───── Information provided ─────
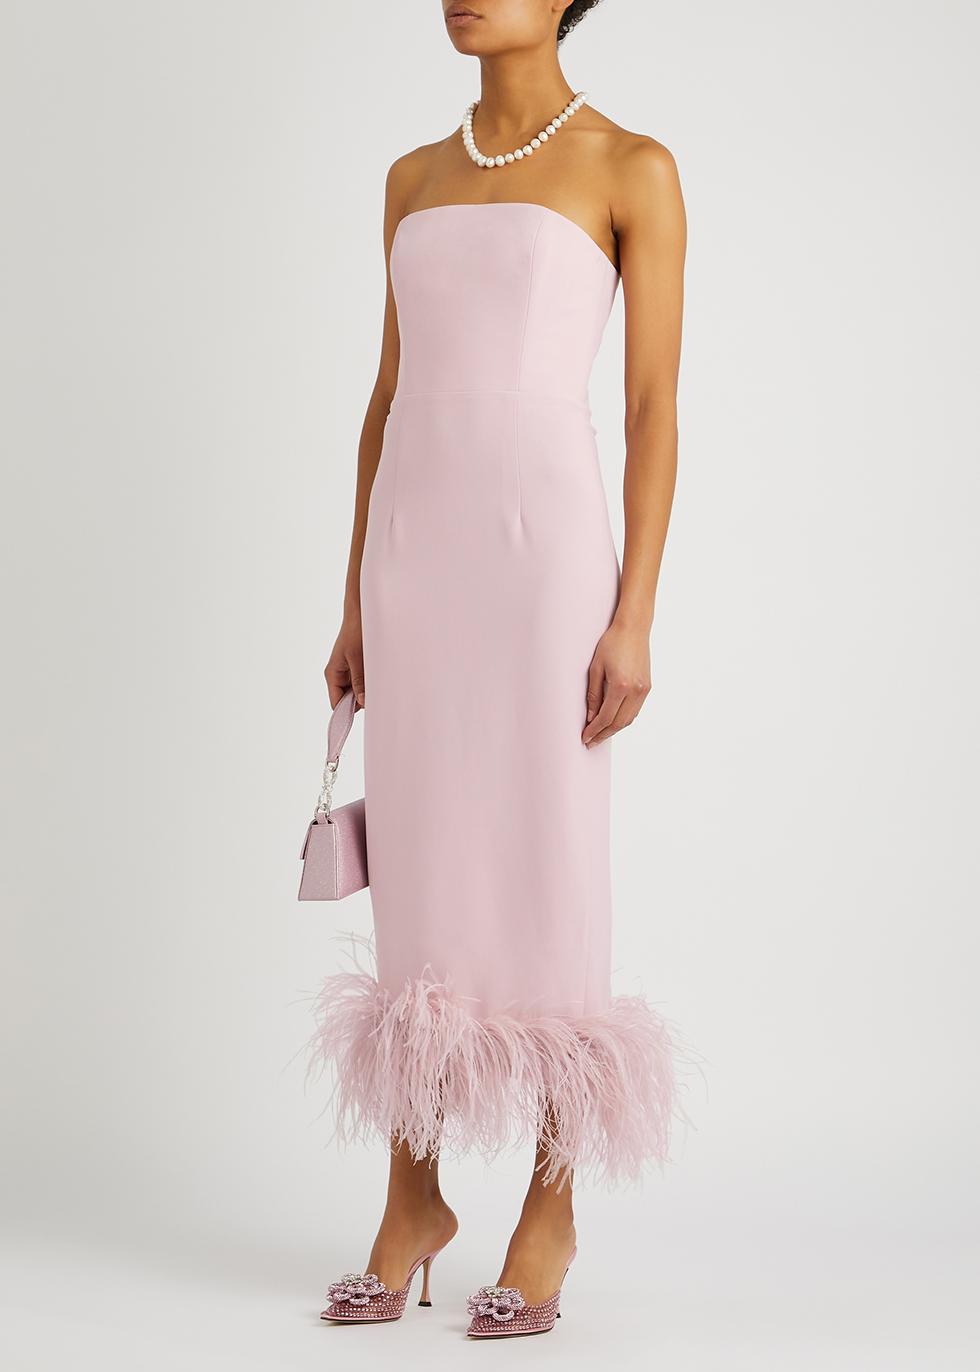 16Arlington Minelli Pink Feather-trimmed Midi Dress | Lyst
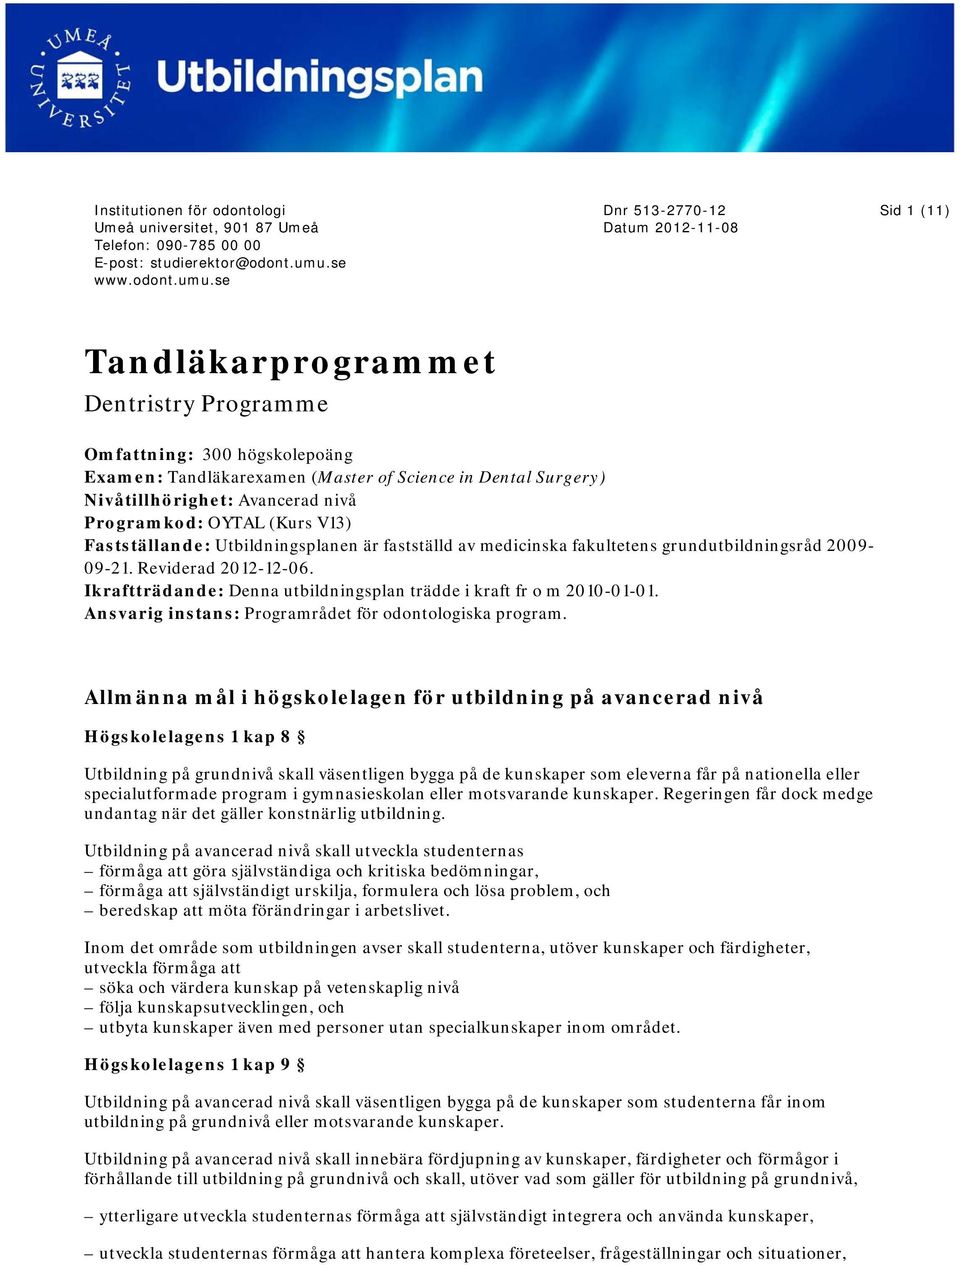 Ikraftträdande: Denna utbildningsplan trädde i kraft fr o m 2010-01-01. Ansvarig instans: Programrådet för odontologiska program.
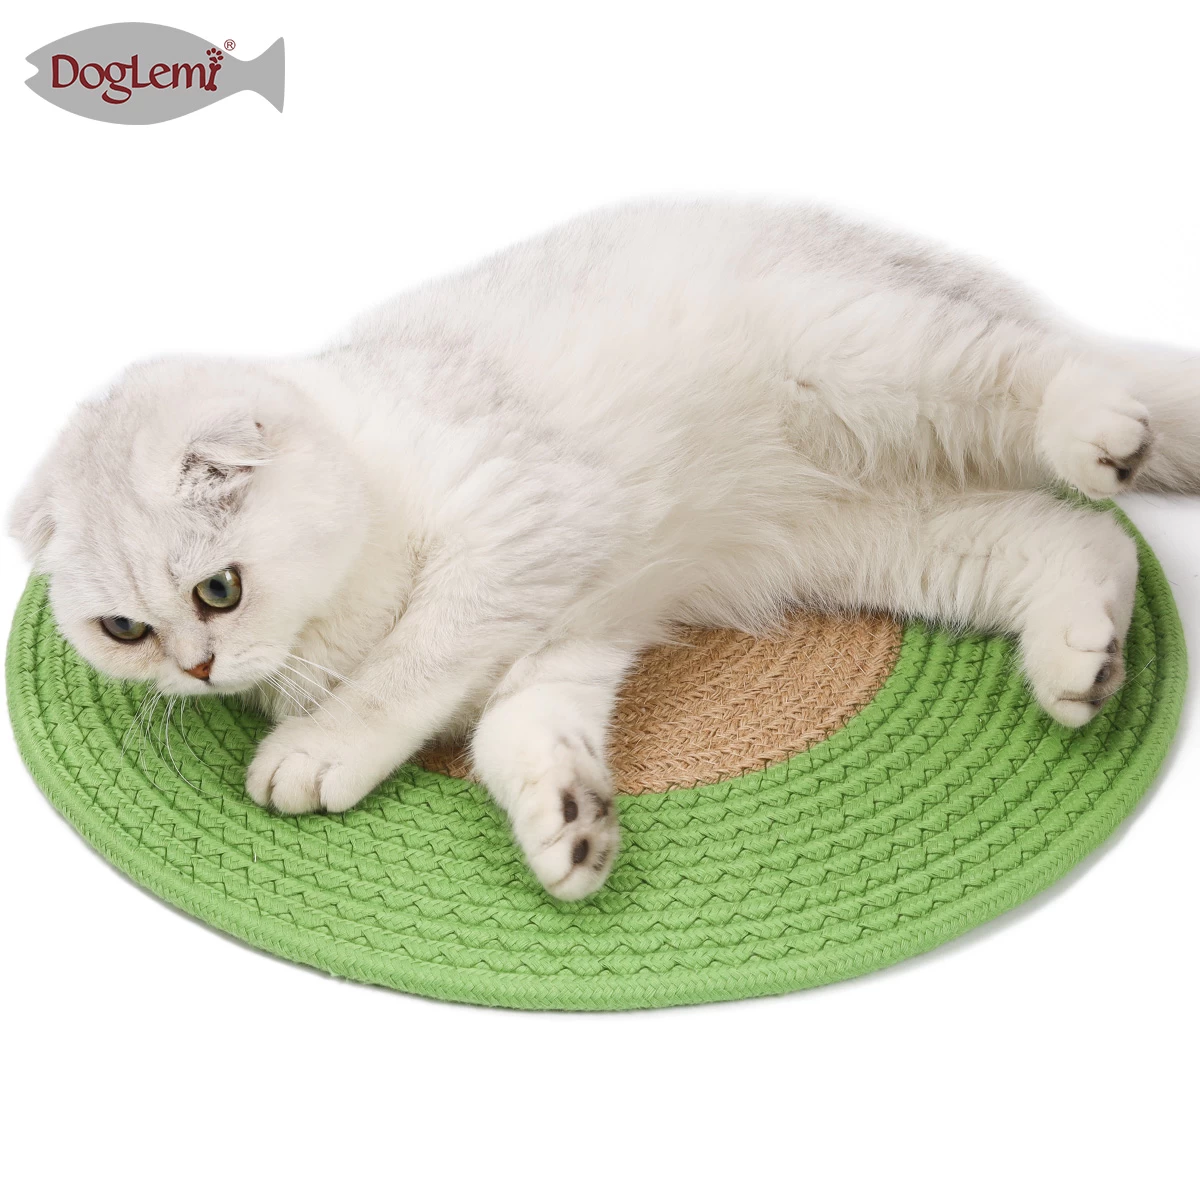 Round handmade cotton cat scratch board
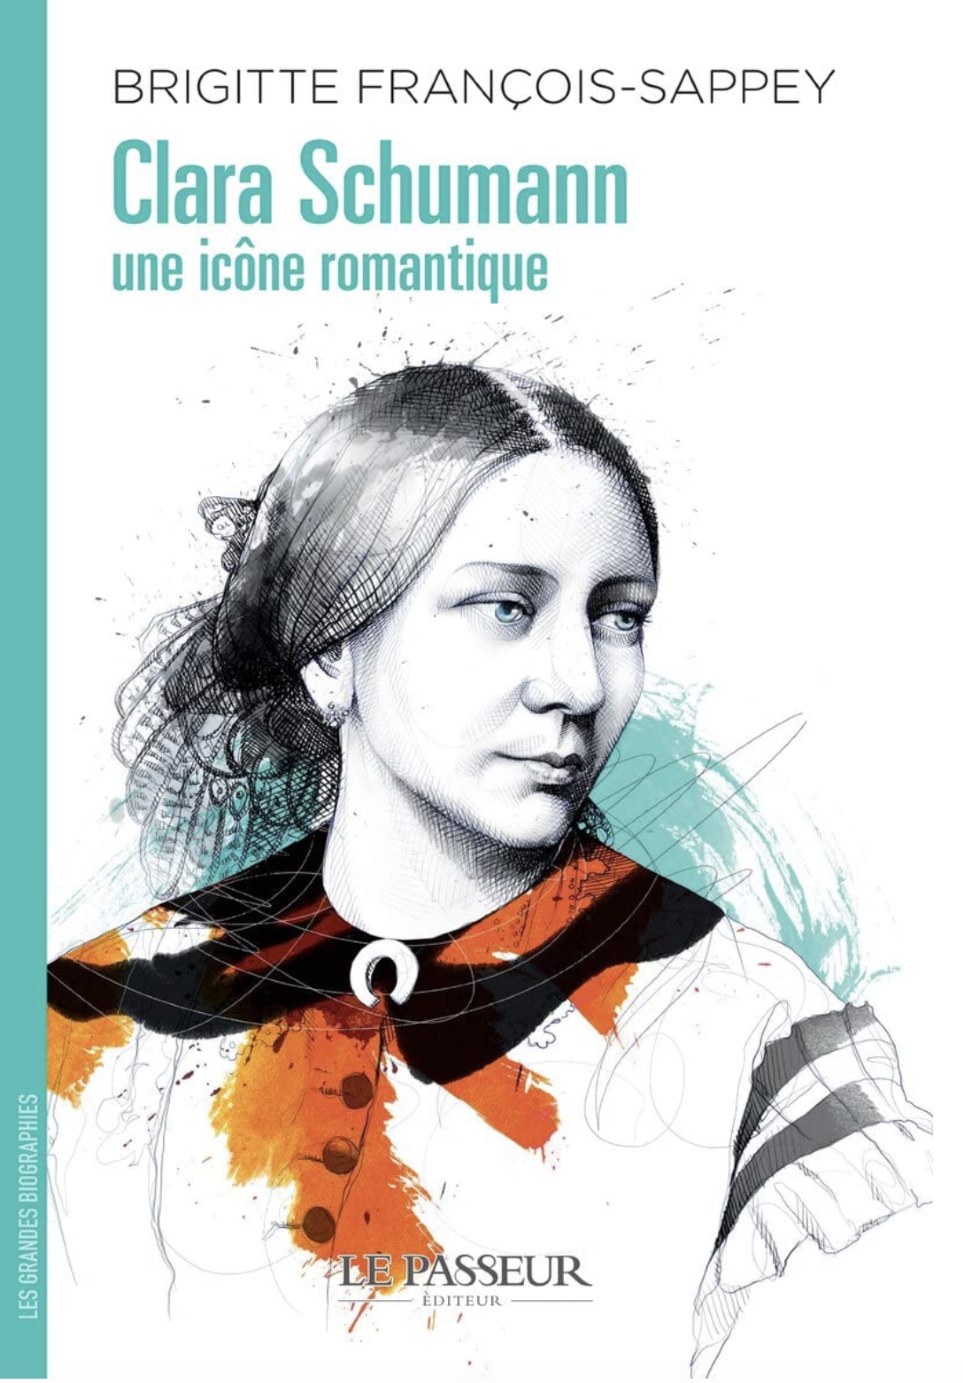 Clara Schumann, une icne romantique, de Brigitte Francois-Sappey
─────
> **Exercise requirements**: Extract the lines beginning with the one that contains "Round handmade cotton cat scratch board" and ending with the last line of the listing. Keep them exact and drop the pictures.

> **Response**:
 Round handmade cotton cat scratch board
 Clara Schumann, une icne romantique, de Brigitte Francois-Sappey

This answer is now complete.